If you were to think about previous examples from the lecture, the model itself is now the *output* of the differentially private "query" performed on the training data 🤯

## How does the machine learning model know how much noise to apply?

Your questions are on 🔥 today!

In general, it depends. If you were to go through the research, what you'll find is "catch-all" approaches and "handcrafted" approaches.

#### Catch-alls via Alternate Optimization Functions

What I mean by a catch-all is simply that a large chunk of ML algorithms use an optimization step in order to update the weights/parameters of a model based on training data. So if you can bottlekneck this step to be differentially private (with some usually very small epsilon per step) then your model will be differentially private with some multiple of epsilon times the number of optimisation steps and weights updated. This might seem complex to calculate, but if you know the models DAG of operations, it can usually be calculated auto-magically.

This is usually the approach taken with neural networks.

#### Handcrafted approaches

There are also a lot of effort to find efficient use of privacy loss in order to train models that have a specific structure. For some such models there may lie a trick that lets you get more bang for you buck (so to speak) by reformulating the problem such that the privacy loss during training is deduced. This is also the case for models which do not apply a common step (such as gradient decent) during training and hence require a bit of IQ to be thrown at finding the next best alternative.

#### Clipping and Normalizing

The above explains how DP is actually applied.

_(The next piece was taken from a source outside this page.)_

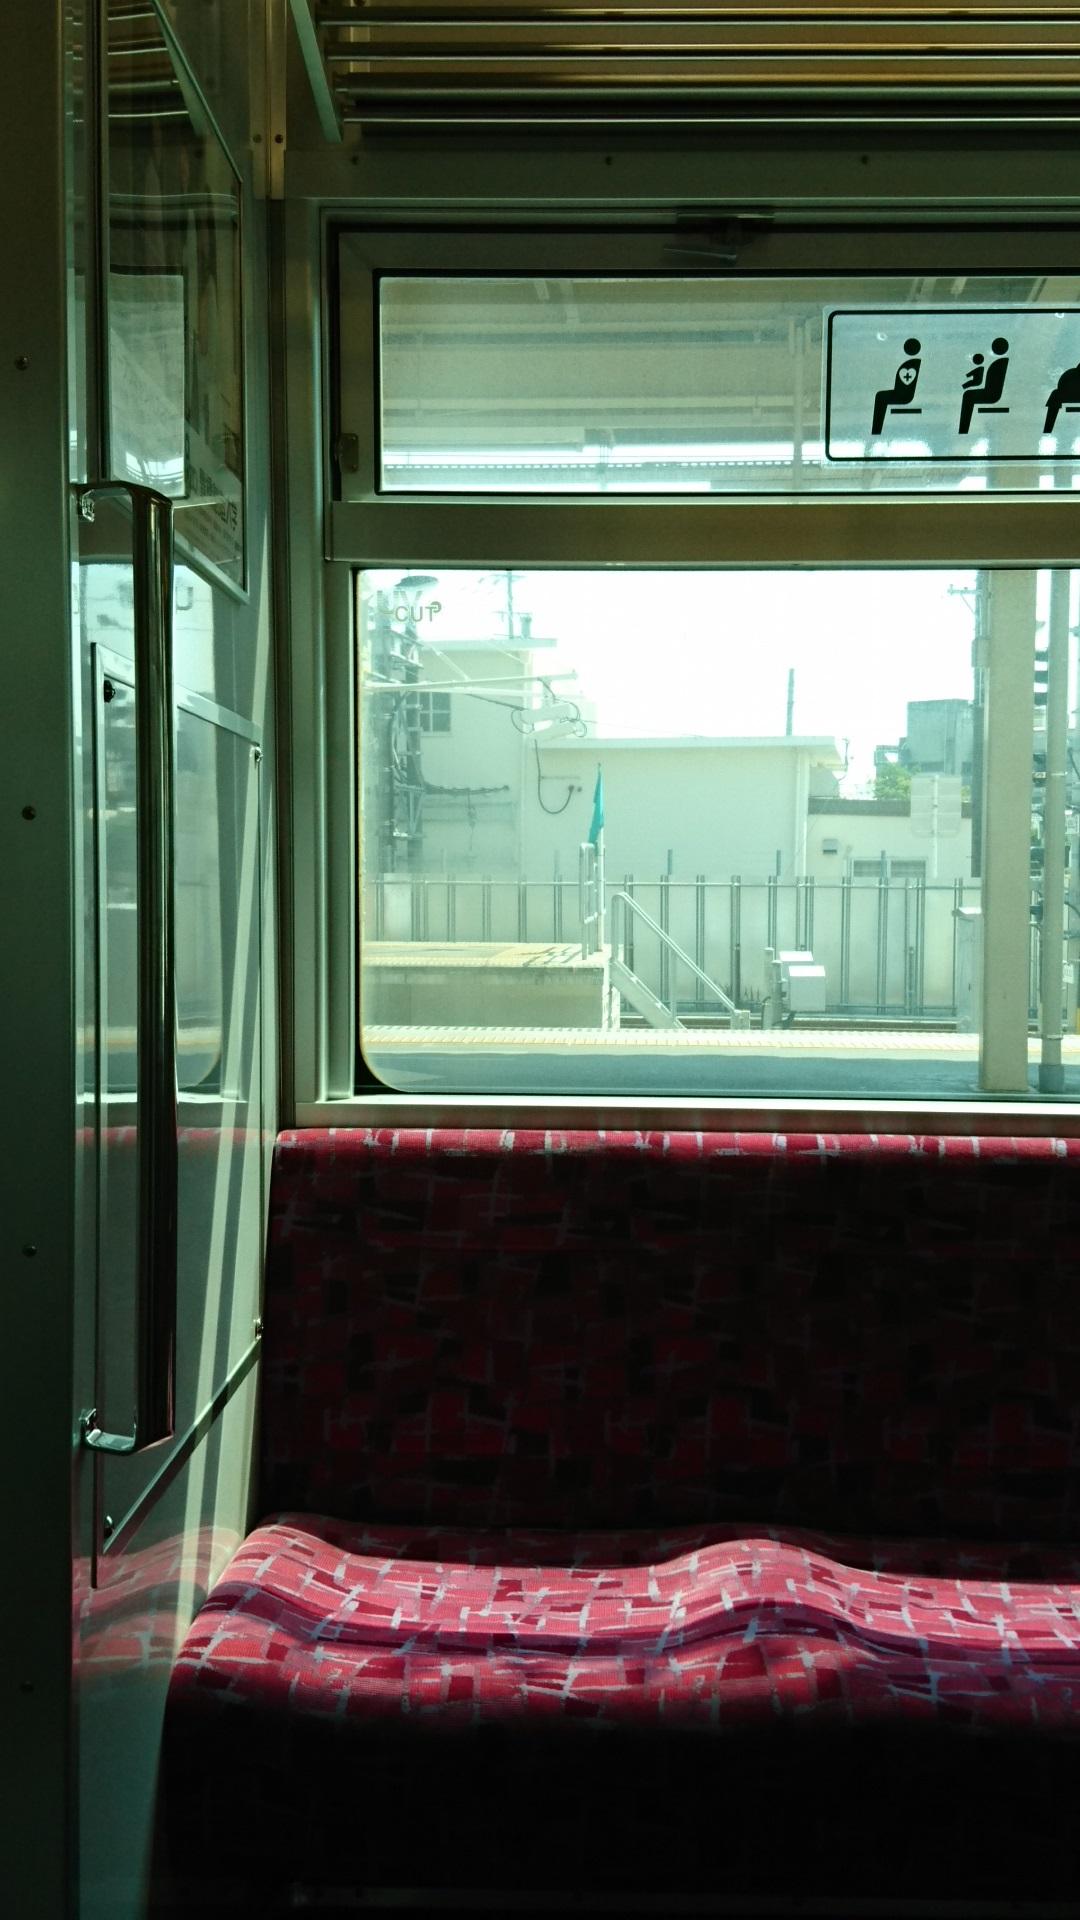 2018.6.25 一宮 (30あ) 豊橋いき特急 - 知立 1080-1920

But as we heard earlier, knowing the magnitude of noise to apply is also a challenge. For some problems it is very natural that the input data is bounded, like in image prcessing pixels are often a tripple of values ranged between 0 and 255. This is the ideal scenario.

If inputs were continuous in plus/minus infinity... we'd have a problem. Typically to avoid this data is "clipped". That is to say we either truncate individual values to lie within a fixed domain (like anything over the number 10 becomes 10 for example) or rewieght the norm of the input is rewieghted to lie within a specific bound - that's a little bit like making the inputs as "realtive" inputs rather than hard values.

![](https://www.tutorialexample.com/wp-content/uploads/2019/11/vector-normalization.png)

Let's see what clipping looks like in practice:

#### Norm data exeding limit

In [None]:
import numpy as np

clip_limit = 10

input_data = [
    [1,3,6,9],
    [1,2,1,2],
    [10,0,100,1000]
]

norms = np.linalg.norm(input_data, axis=1) / clip_limit
norms[norms < 1] = 1

output = input_data / norms[:, np.newaxis]

print("Rows renormalized to be under "+str(clip_limit)+":")
print(output)

#### Clip data exceding limit

In [None]:
import numpy as np

# purely examplary
clip_limit_upper = np.array([4,5,6,7])
clip_limit_lower = np.array([-1,0,1,2])

input_data = np.array([
    [1,3,6,9],
    [1,2,1,2],
    [10,0,100,1000]
])

output = np.clip(input_data, clip_limit_lower, clip_limit_upper)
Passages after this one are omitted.